DIRECTIONS FOR THIS TASK:
Could you output each line below precisely as it stands, without the images?

DATASET EXTRACT:

Segment Open

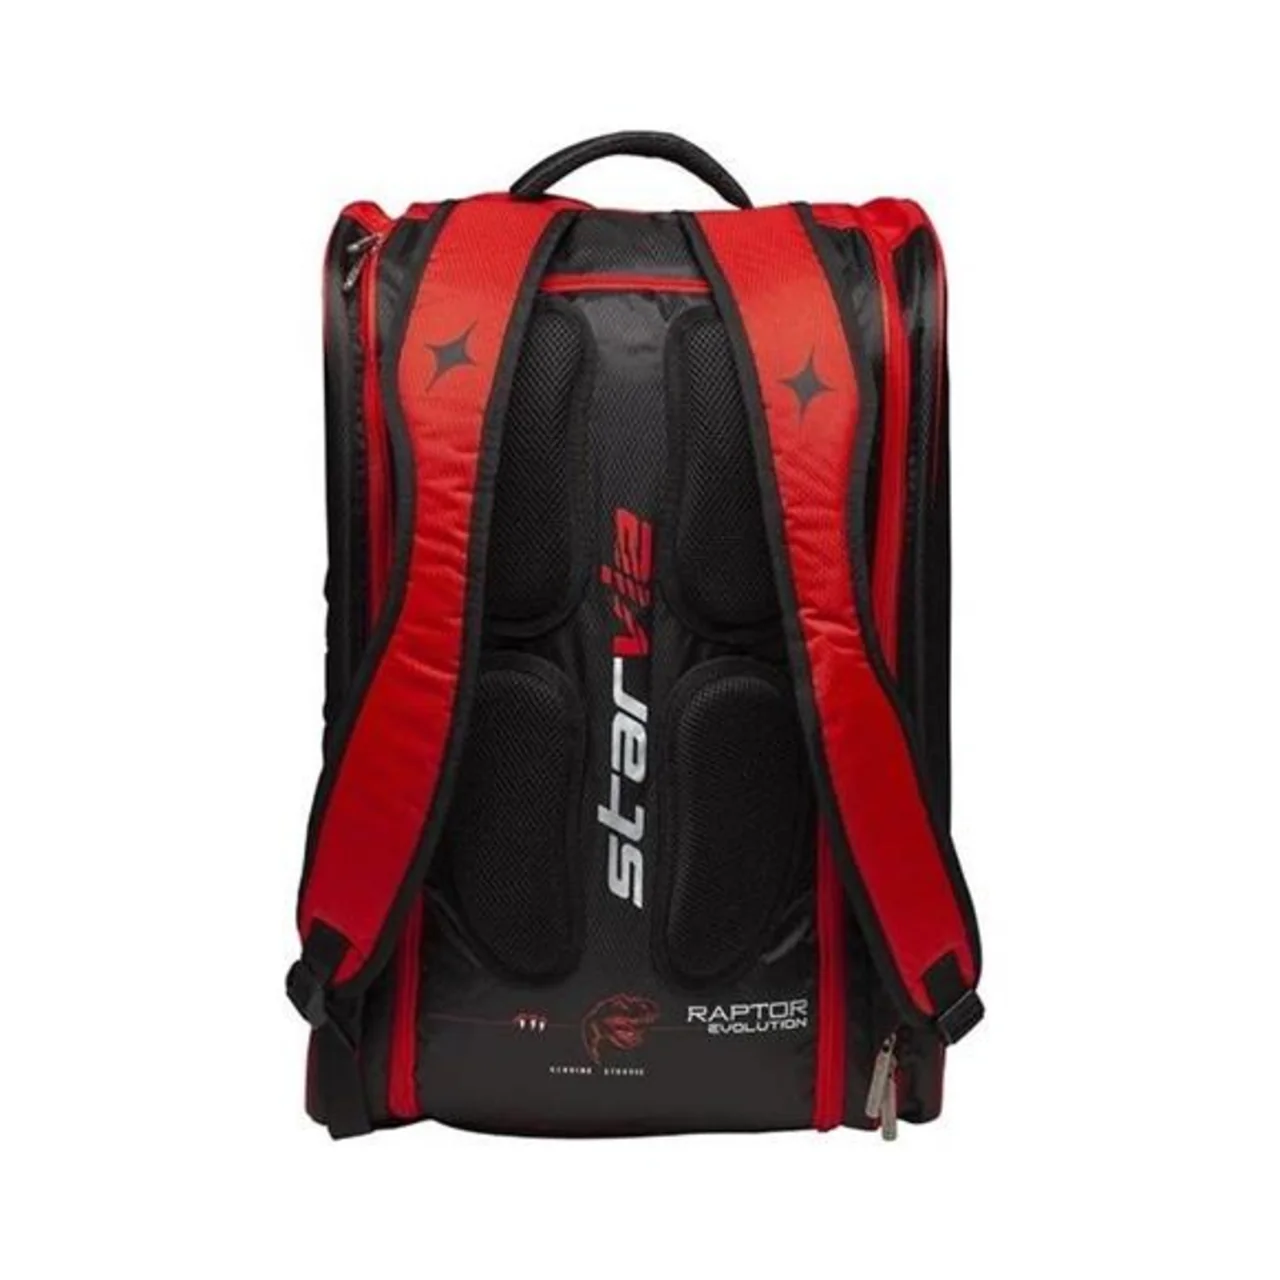 StarVie Evo Padel Bag Pro Black/Red
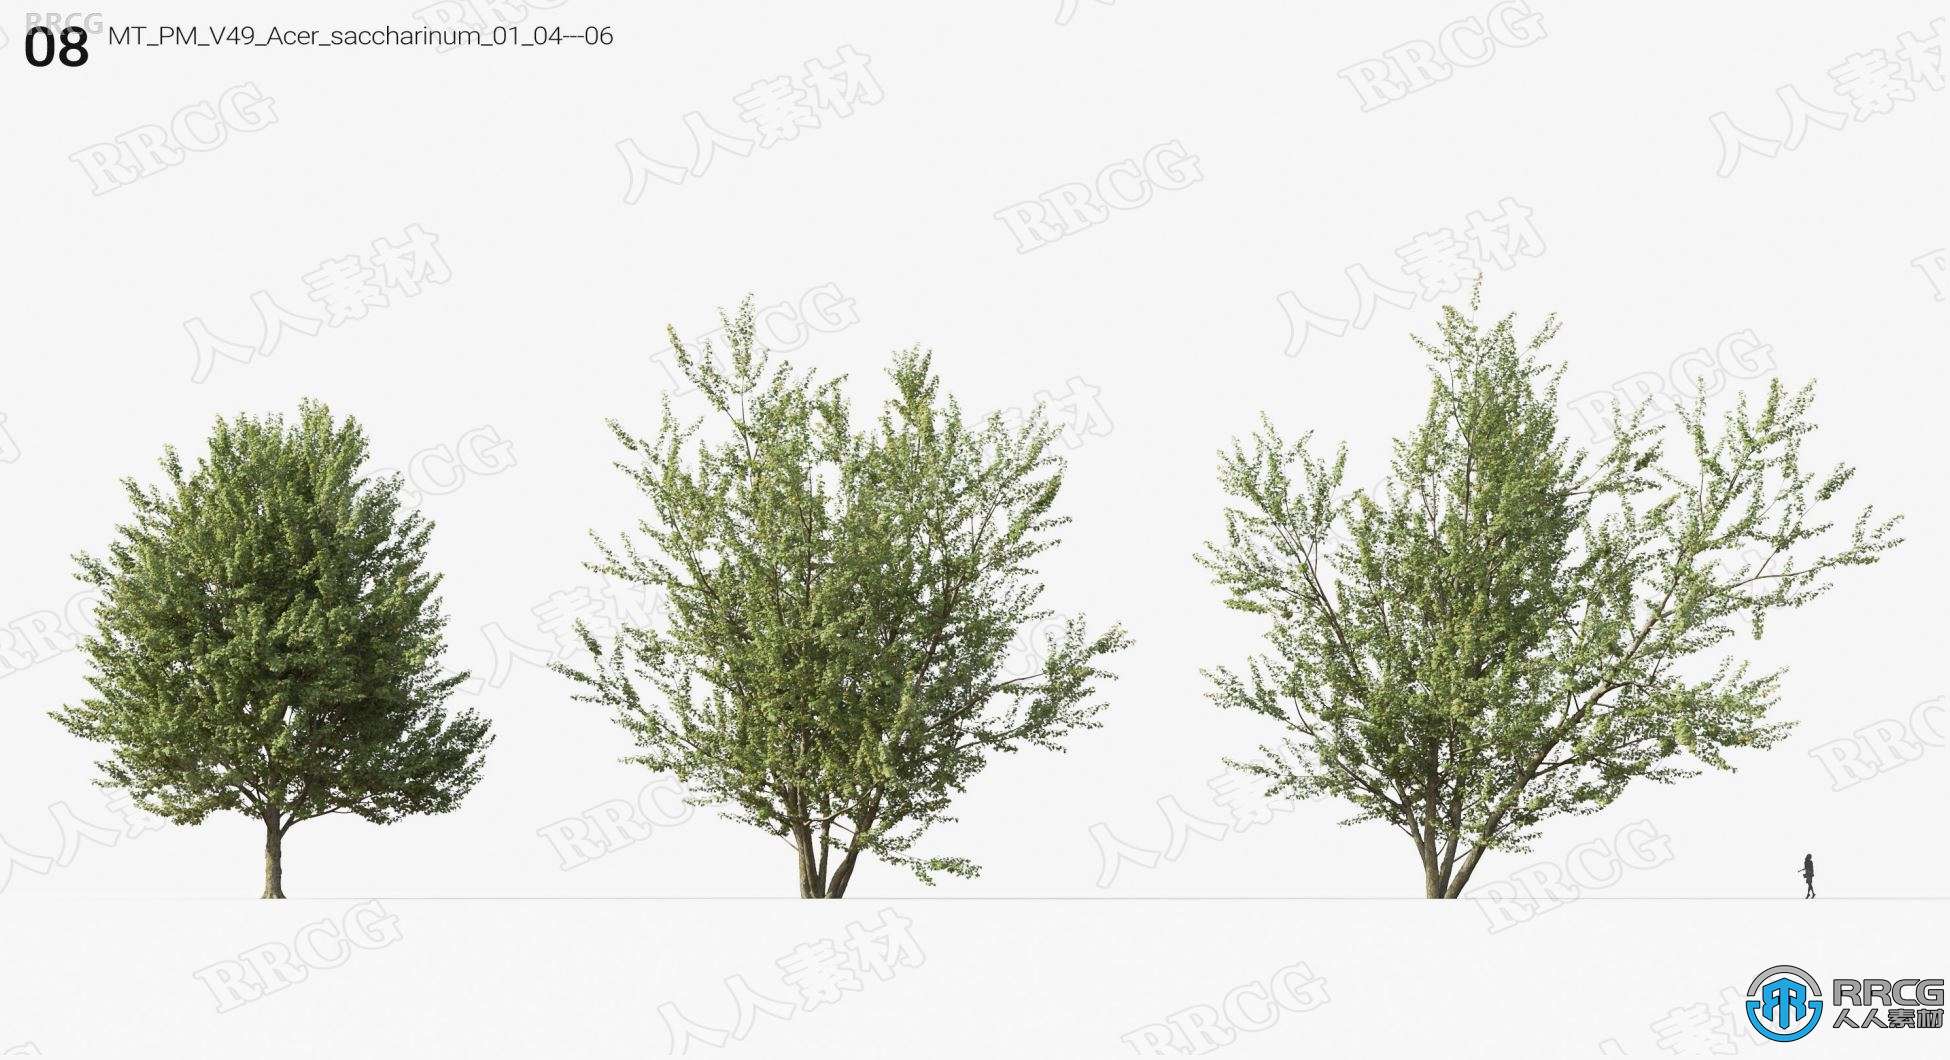 高质量桤木楮树桉树等树木植物3D模型合集
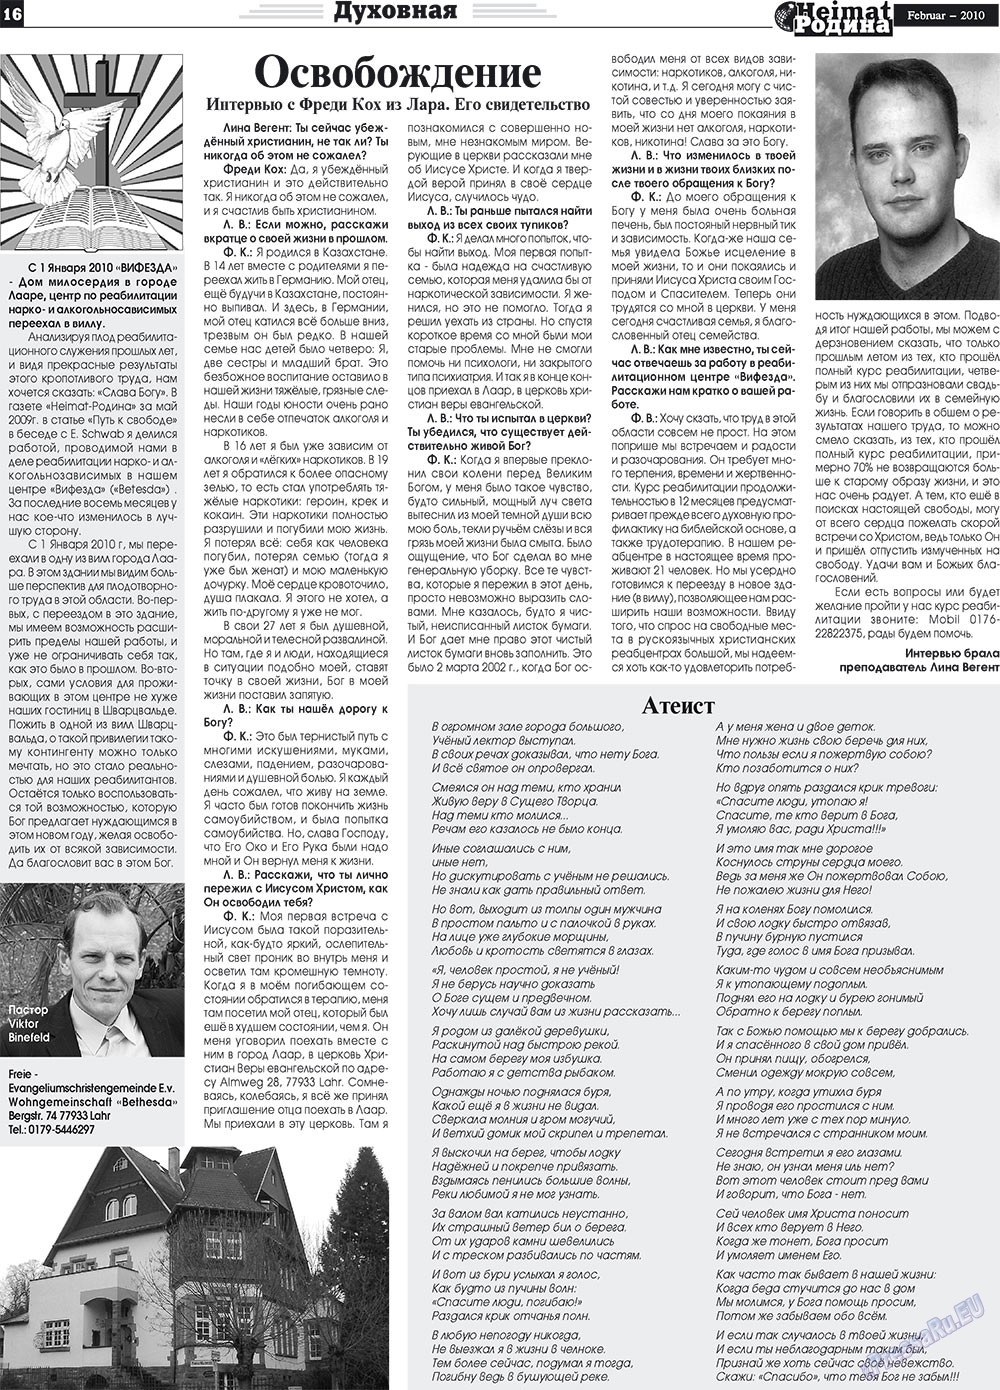 Heimat-Родина (газета). 2010 год, номер 2, стр. 16

Segment Closed

RESPONSE BELOW:
 StarVie Evo Padel Bag Pro Black/Red
 高质量桤木楮树桉树等树木植物3D模型合集
 Heimat-Родина (газета). 2010 год, номер 2, стр. 16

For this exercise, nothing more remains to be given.